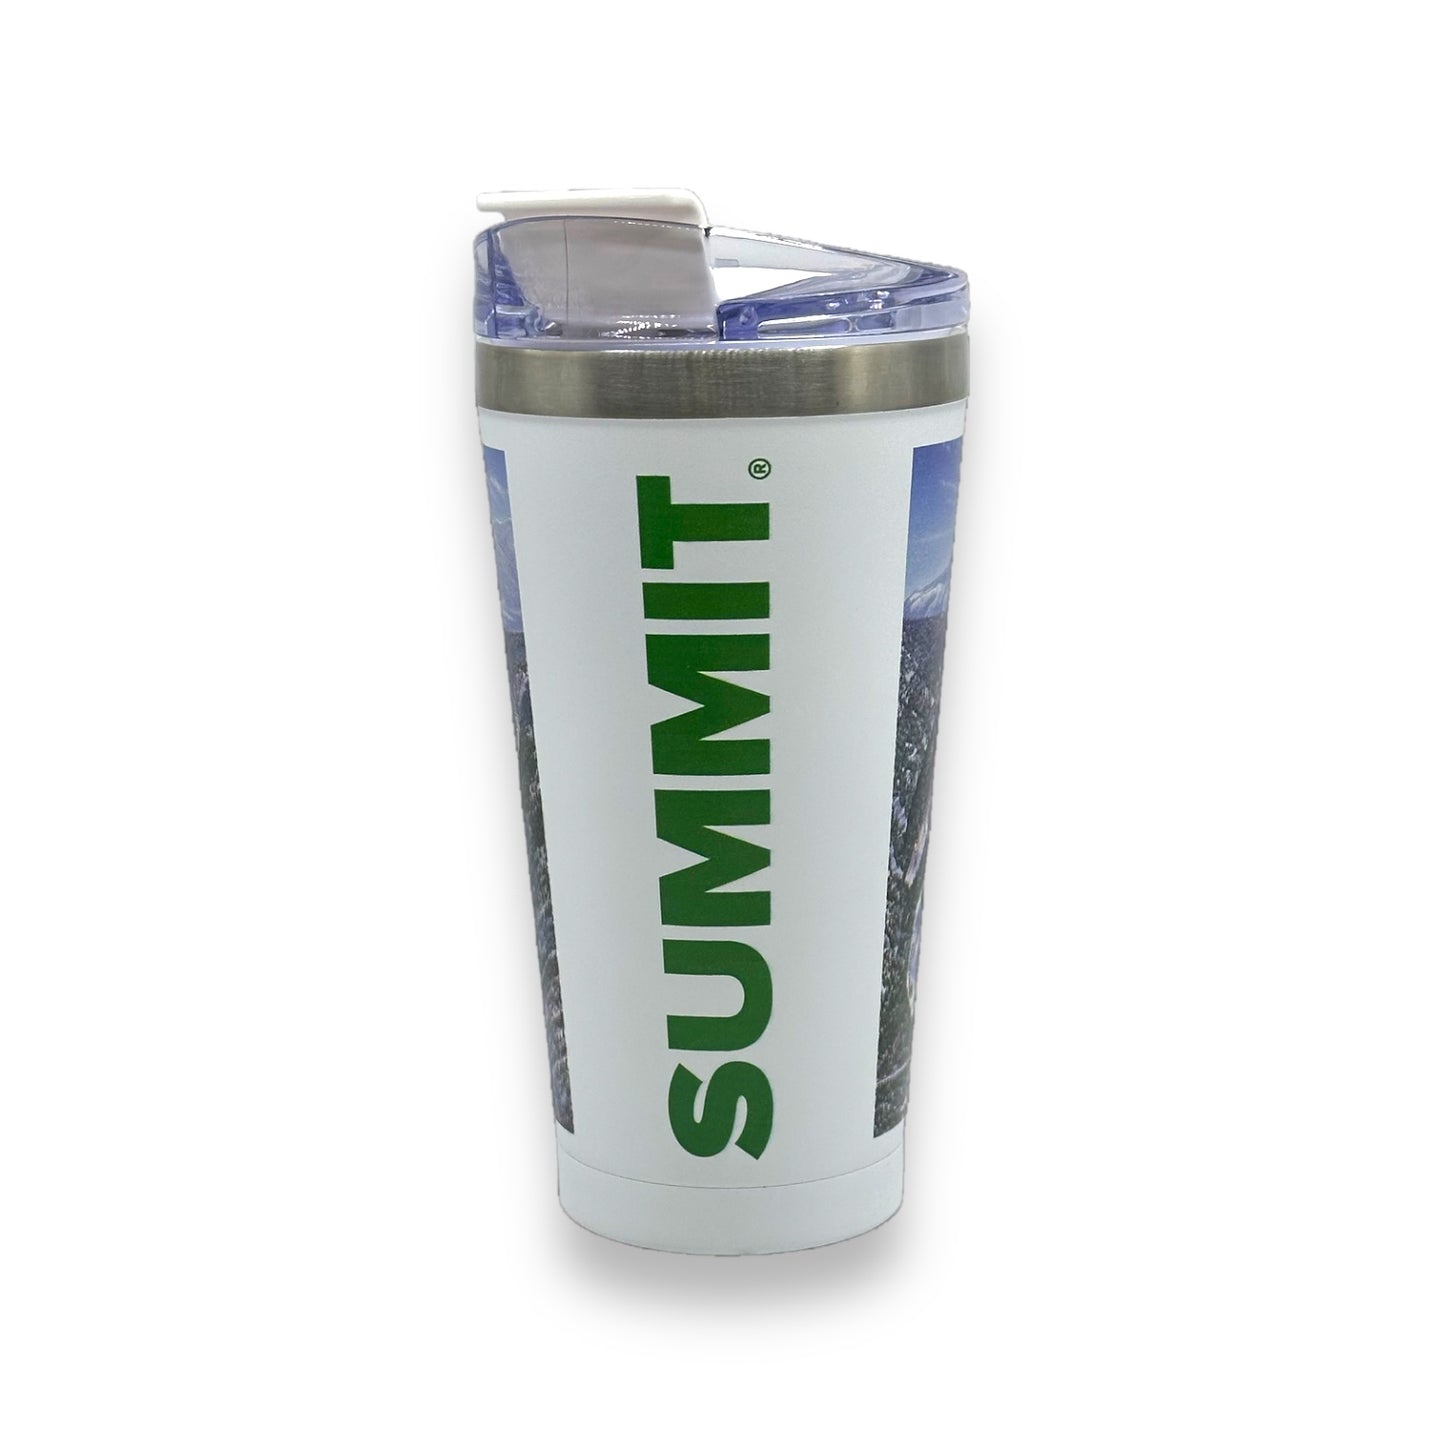 Snow Summit trails map tumbler with white base and Summit writing on side
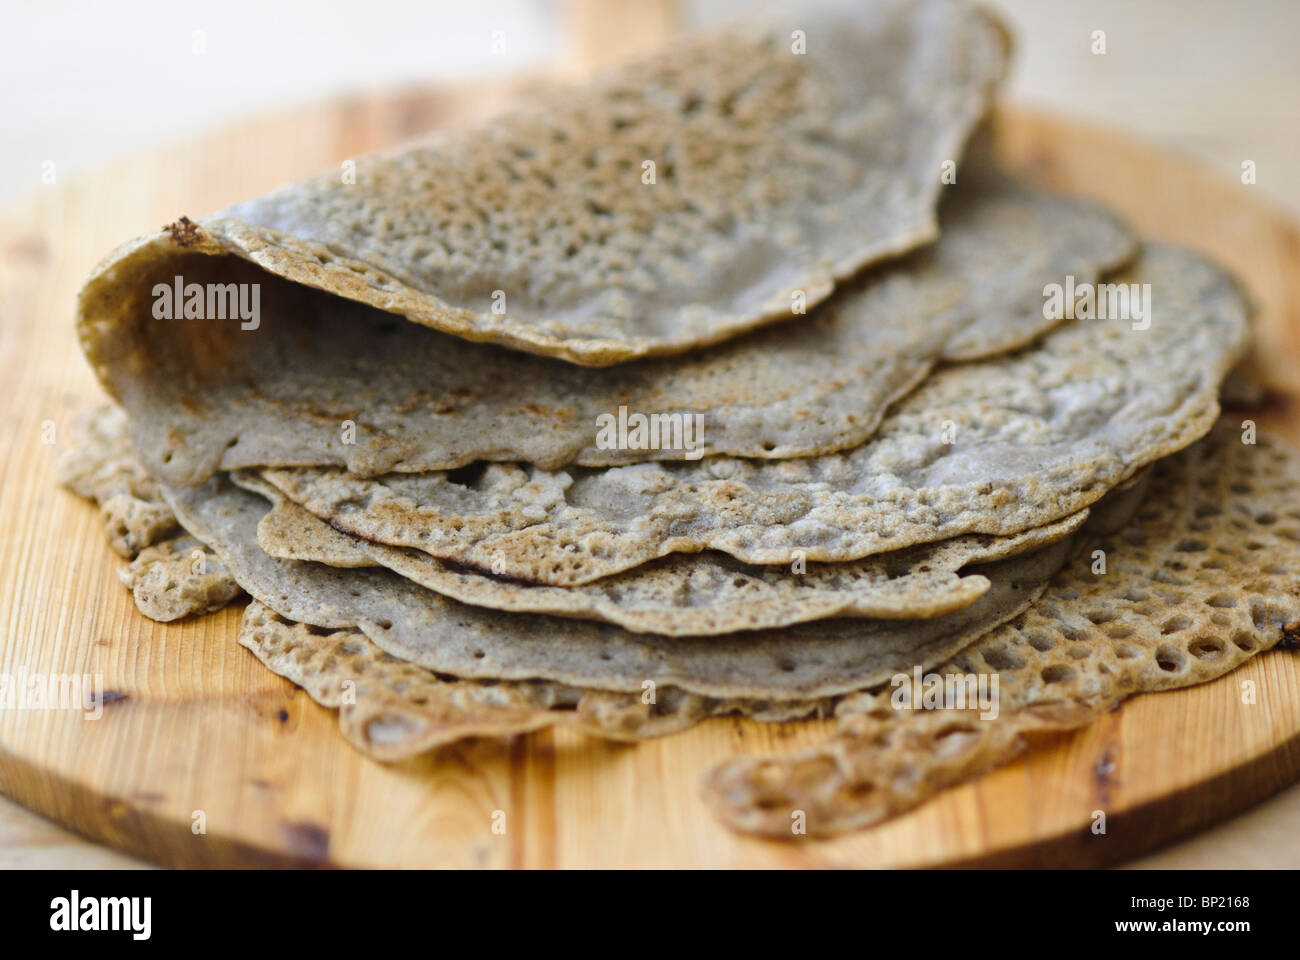 Bread wraps made of buckwheat flour, salt, olive oil and water. Gluten free. Stock Photo
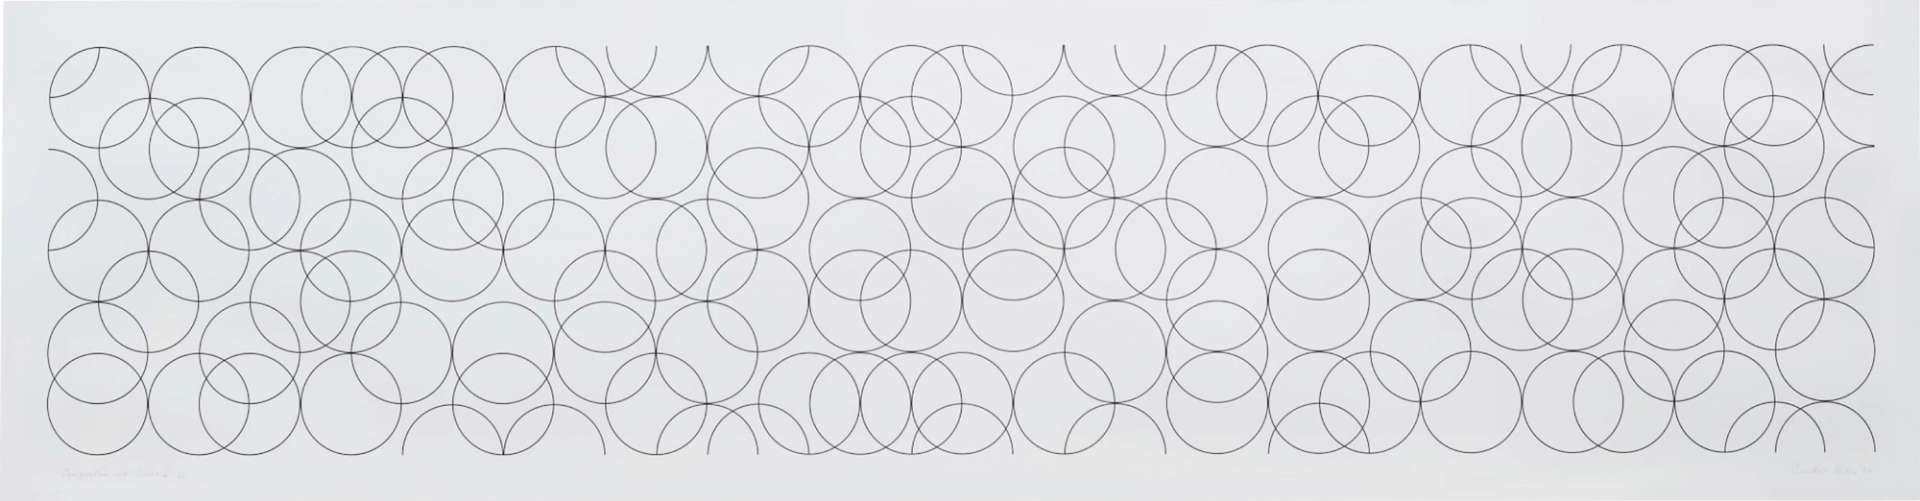 Bridget Riley’s Composition With Circles 4. An Op Art screenprint of rows of interlocking circles across a white background.
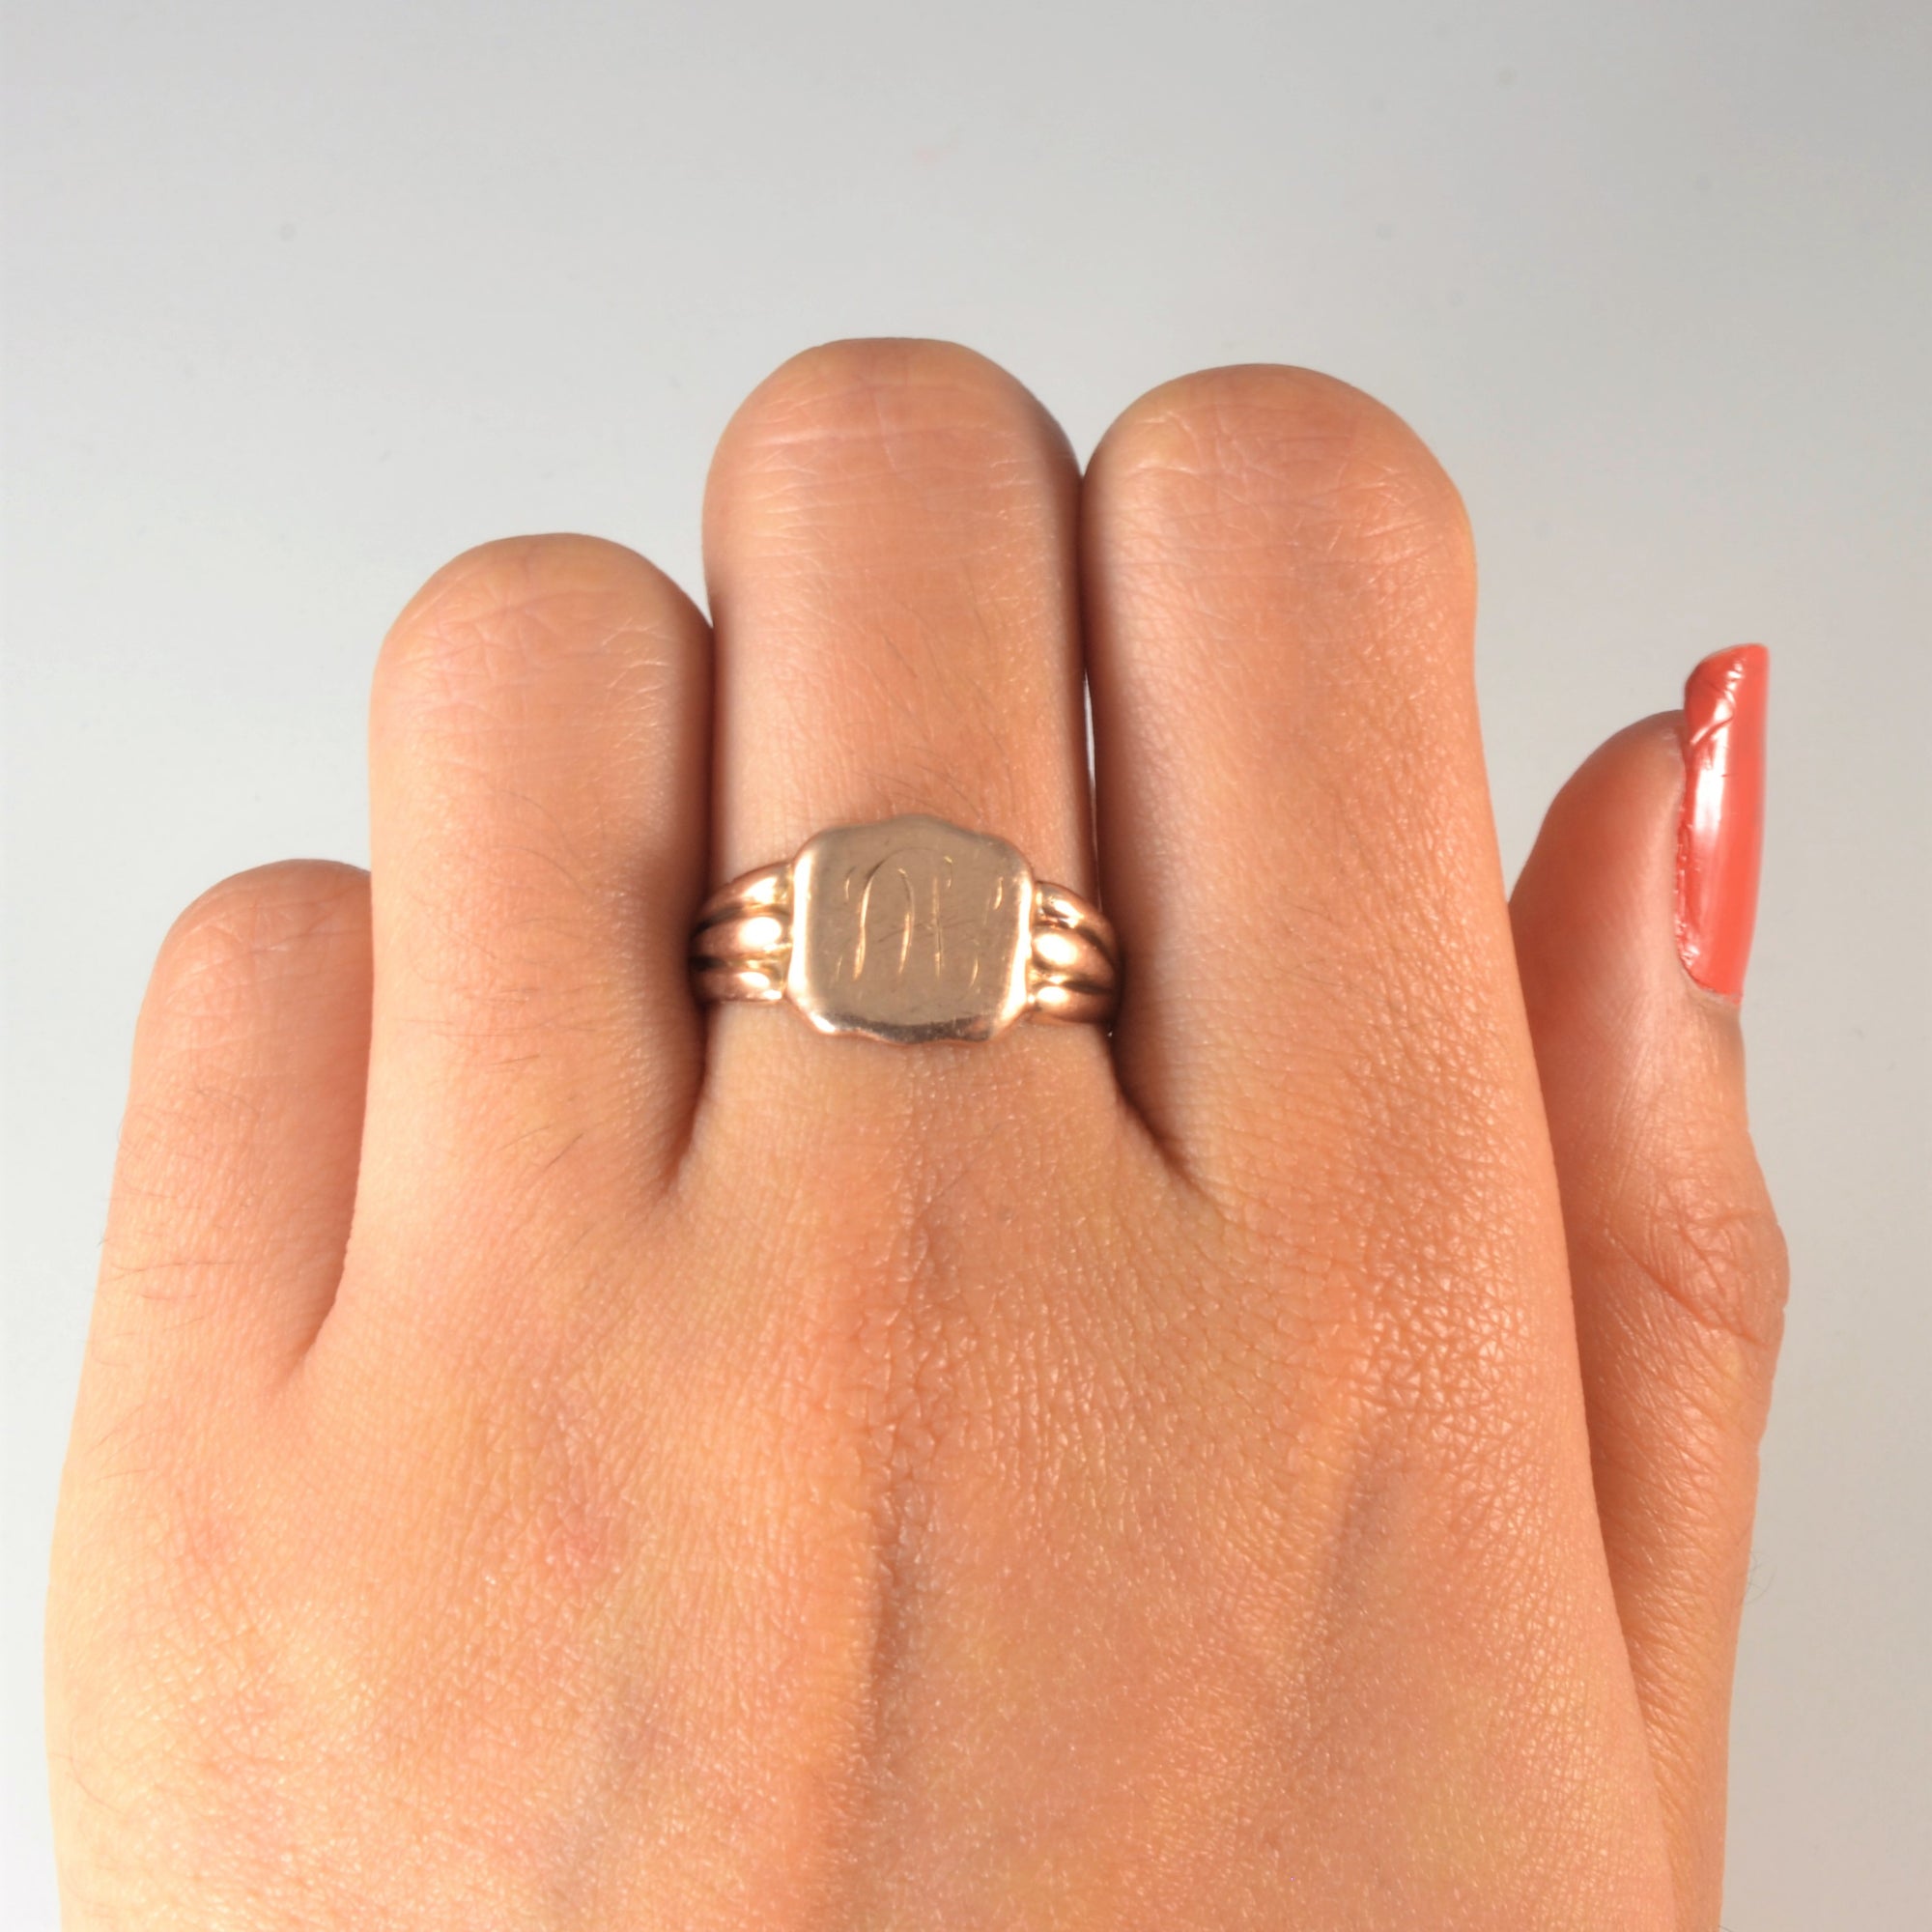 Engraved Initial 'MB' Signet Ring | SZ 8.25 |

........

What you need to do:
What's needed is a word-for-word retyping of the listing, minus its pictures.

Reply to the exercise:
 Snow Summit trails map tumbler with white base and Summit writing on side
 Bread wraps made of buckwheat flour, salt, olive oil and water. Gluten free. Stock Photo
 Bridget Riley’s Composition With Circles 4. An Op Art screenprint of rows of interlocking circles across a white background.
 Engraved Initial 'MB' Signet Ring | SZ 8.25 |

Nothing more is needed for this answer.